Voilà la fable qui nous engage tous. Comme toute fable elle possède ses règles, que nous appellerons lois. Comme toute fable, son titre même met en scène les protagonistes dont on
peut déjà supposer les interactions et leur issue. La route et le mur... un accident ? Une impasse ? Les deux le plus souvent, pour ceux qui justement habitent l'espace entre ces deux mots et que les voyelles et consonnes de la loi, arrangées en codes de la route et de l'urbanisme, saisissent et rejettent tour à tour ou simultanément.
La route et le mur, le flux et l'immobilier qui depuis longtemps se sont partagés l'espace, en harmonie prétendue dont la métropolisation n'est que l'antépénultième symphonie.
Un journal ne suffirait pas pour explorer et expliquer article après article les raisons qui confinent à l'impossible « habiter mobile » : de l'interdiction de séjourner plus de 11 mois au même endroit (aire d'accueil, camping ou même terrain privé), de l'interdiction cependant de stationner beaucoup moins longtemps hors de ces lieux, de l'accès aux aires d'accueil exclusivement réservé aux détenteurs du très stigmatisant « carnet de circulation ». L'ensemble de ces conditions se trouvant à leur tour matinées et compliquées par la nature du « meuble » habité : véhicule (pour les camions et voitures), caravane, habitat de loisir pour les mobilhomes et affiliés, tentes, etc.
Un journal serait encore nécessaire pour expliquer et préciser les dispositions légales rendant difficile le fait d'occuper un terrain sans Certificat d'Urbanisme ou sans assainissement. Pour définir en somme ce qui sépare le mobilier de l'immobilier, le mur du flux, le fixe du déplaçable ou le pérenne du temporaire, puisque la loi ne connaît rien d'autre que cette binarité entraînant l'injonction contradictoire : « Circulez ! » « Sédentarisez-vous ! »
Pour les non-légistes (et non-légalistes) que nous sommes cela renvoie évidemment à l'impensé des villes qui s'élabore dans cet éternel présent qu'est le XIXe siècle et la naissance de cet urbanisme myope qui, effrayé par sa trouble vue et par l'indétermination, partage définitivement la ville en routes et en murs et, plus largement, l'espace en flux et immobilier.

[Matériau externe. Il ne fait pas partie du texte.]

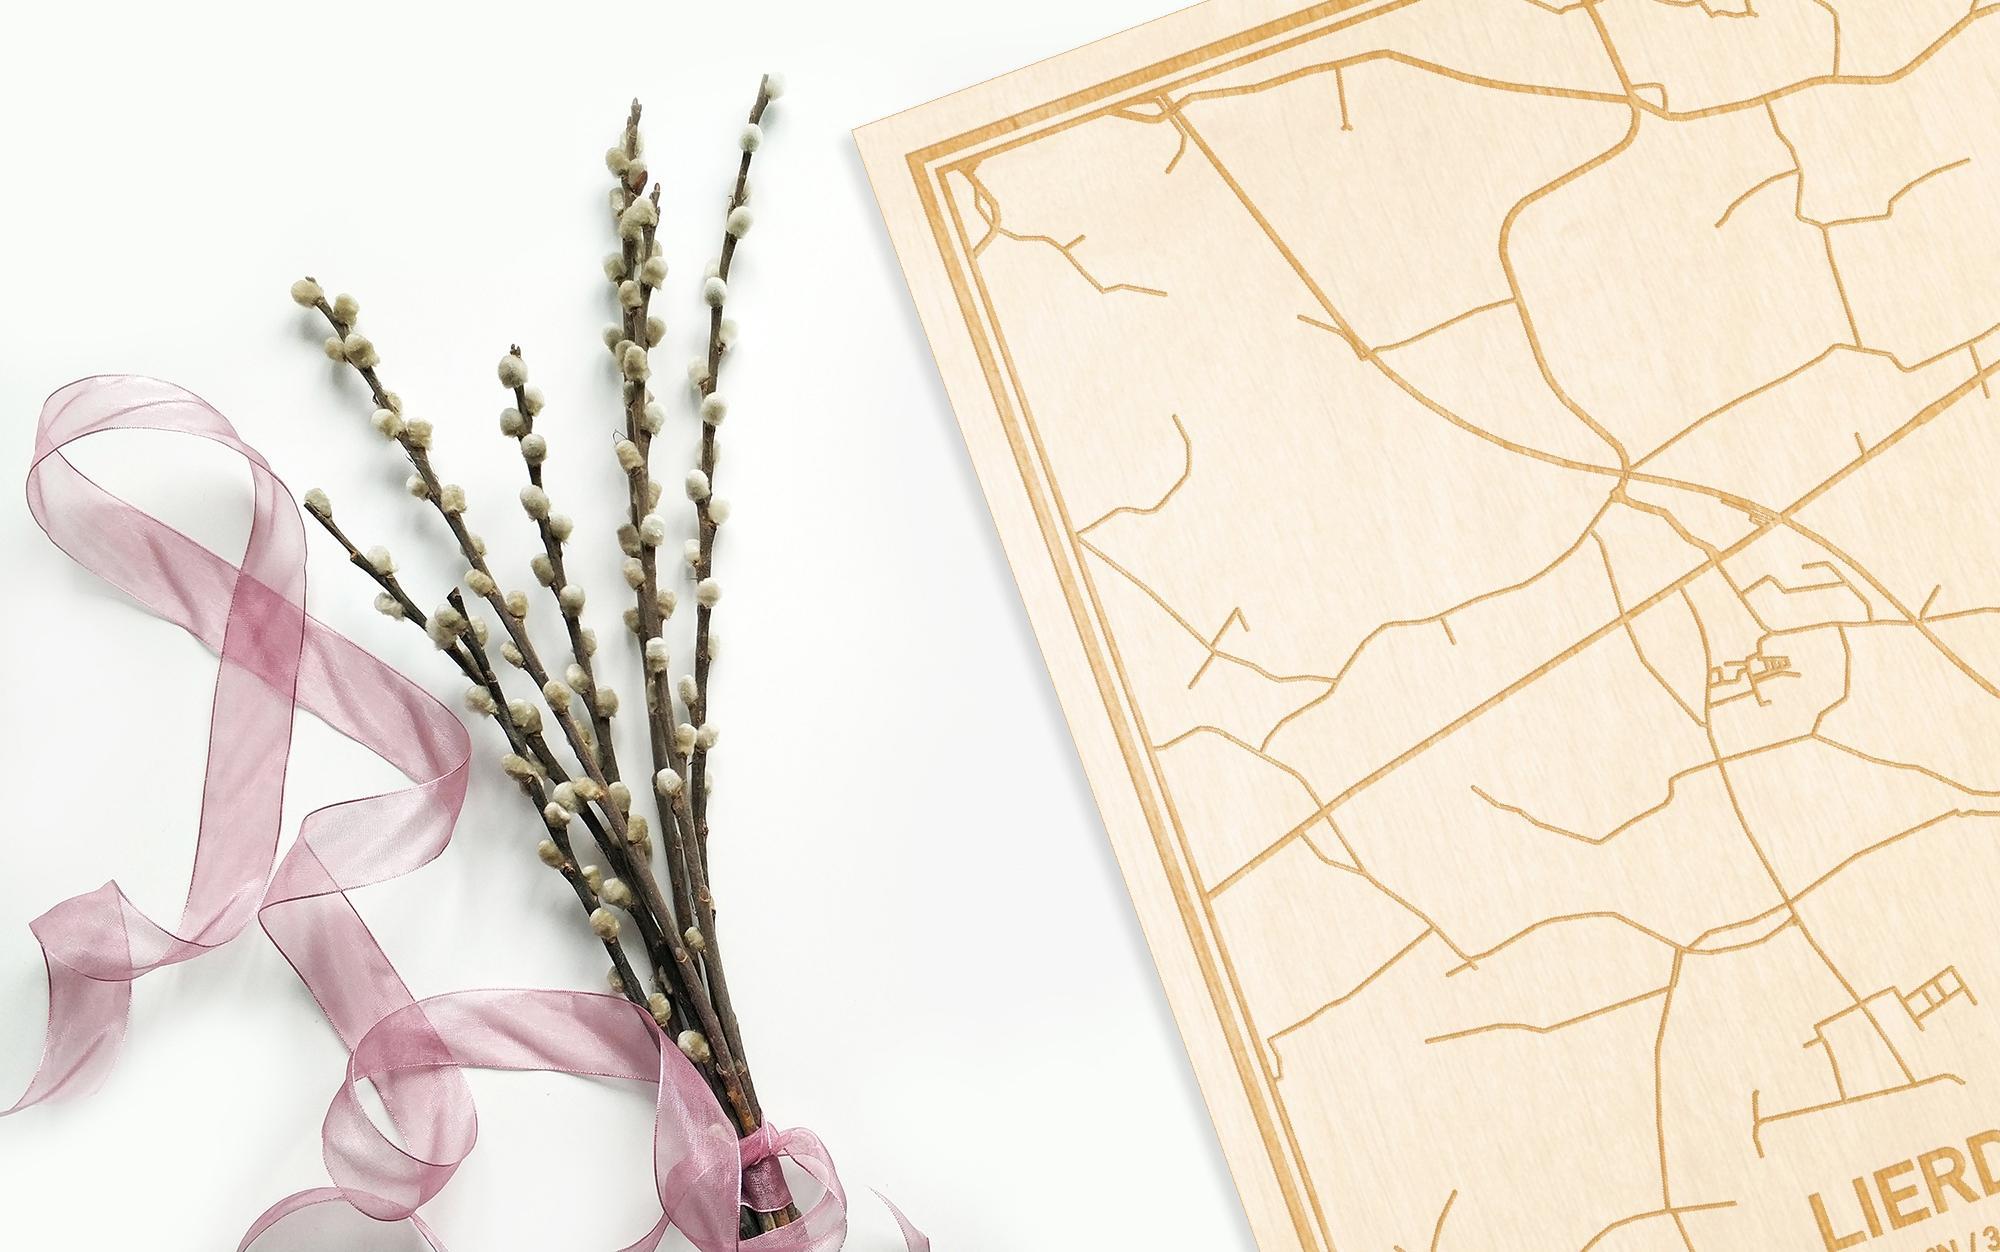 Hier ligt de houten plattegrond Lierde naast een bloemetje als gepersonaliseerd cadeau voor haar.
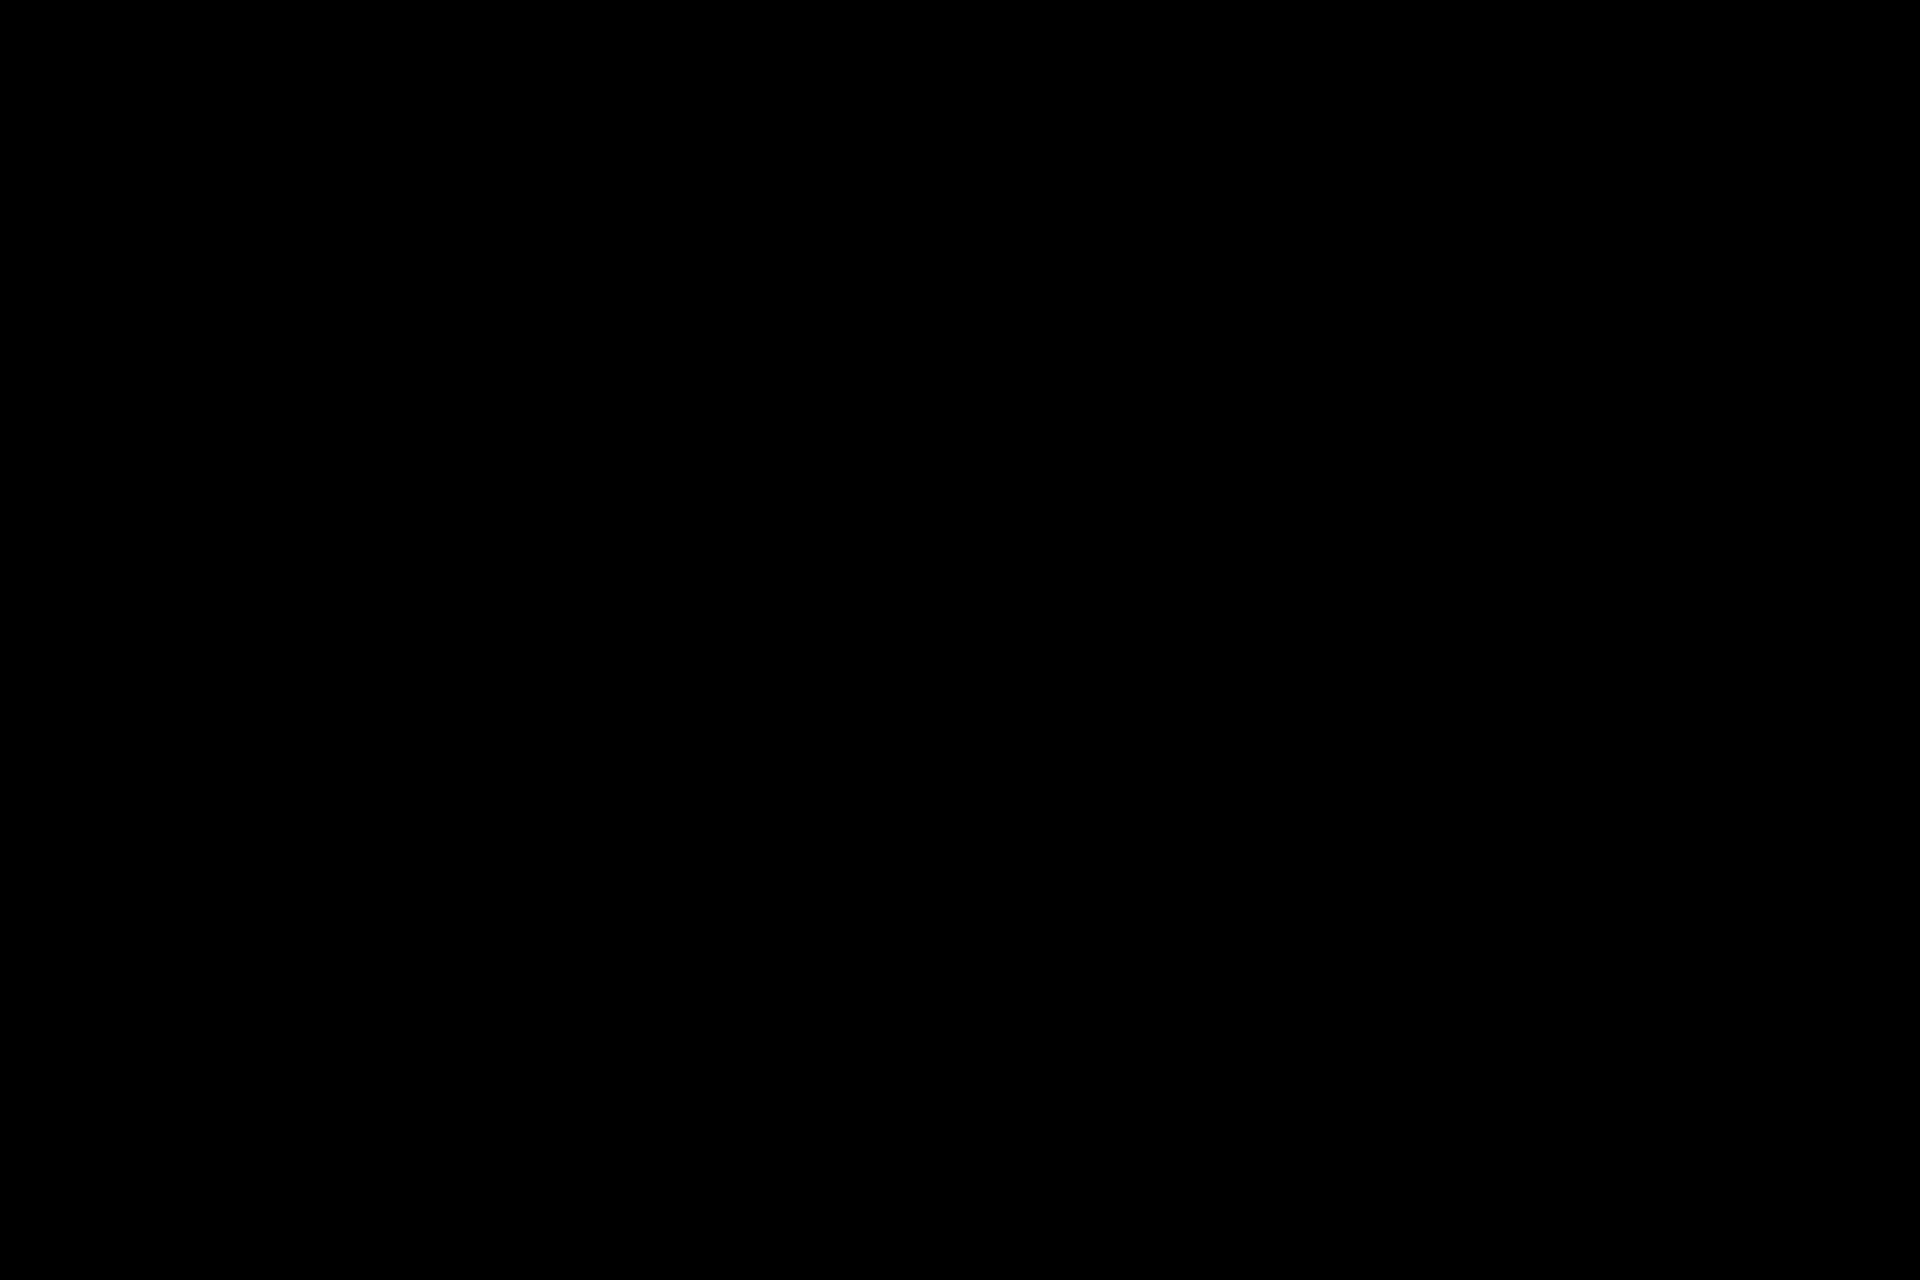 АКТИВАЦИЯ «ТРИ ГЕНЕРАЛА» 23 сентября

Comme la loi, l'urbanisme ne semble guère connaître de gris et c'est aux premiers jours de la colonisation d'Alger qu'il apprend à éradiquer les espaces dégradés ou complexes avant de le faire à Paris, Lyon, etc. « L'urbaniste contemporain décomplexé » loue de nouveau, et au grand jour, le préfet Haussmann (qui lui ne l'était pas... urbaniste) pour avoir « libéré les flux ! ». Sans doute en effet, à l'instar des égouts qu'il fit construire, la circulation emportait-elle en eaux grises le petit peuple et ses lieux loin des façades neuves qui le canalisaient. Le chantier urbain bipolaire générait déjà le mouvement et le déplacement des populations que l'on connaît aujourd'hui. Combien de ces personnes expropriées retrouvait-on en roulotte ou en baraque dans la zone le long des fortifs (actuel emplacement du périphérique parisien) ?
Ni gris ni dégradés dans la myopie ou la cécité volontaire des faiseurs de ville. Route/mur. Immobilier/flux.
C'est pourtant ce gris que nous tentions de défendre sous les ors ministériels dans le cadre de la consultation concomitante au projet de loi ALUR. Mais non, là encore : noir/blanc, flux/immobilier. Des dispositions pour les « gens du voyage », d'autres pour les installations pérennes de yourtes mais pas de gris, d'habitat de fortune, de bidonville, de camions, etc. Tous insolubles dans la république.
Insolubles ? Peut-être pire encore pour le logiciel républicain comme le laissait entendre Marion Jenkinson lors de son intervention dans le cadre de notre « Doctorat Sauvage En Architecture ». Si une des pierres angulaires du droit reste le pater familias du droit romain régnant en monarque sur son domaine, que reste-il du droit quand l'idée même de ce domaine se dégrade ou devient floue ?
Notre adolescente naïveté nous aveugle-telle ? Lois et urbanismes sont-ils moins faits pour être respectés que pour qu'un certain peuple, sans nom précisément, se voit obligé d'y contrevenir ? Peut-on encore dire l'urbanisme et le droit comme des jeux à jouer, détourner, tricher, faire évoluer ? Dans cet âge inventé pour nous : adolescent nous rêvons toujours la caravane de la Makhnovtchina traversant le monde, le remettant à l'endroit c'est à dire : sans dessus dessous.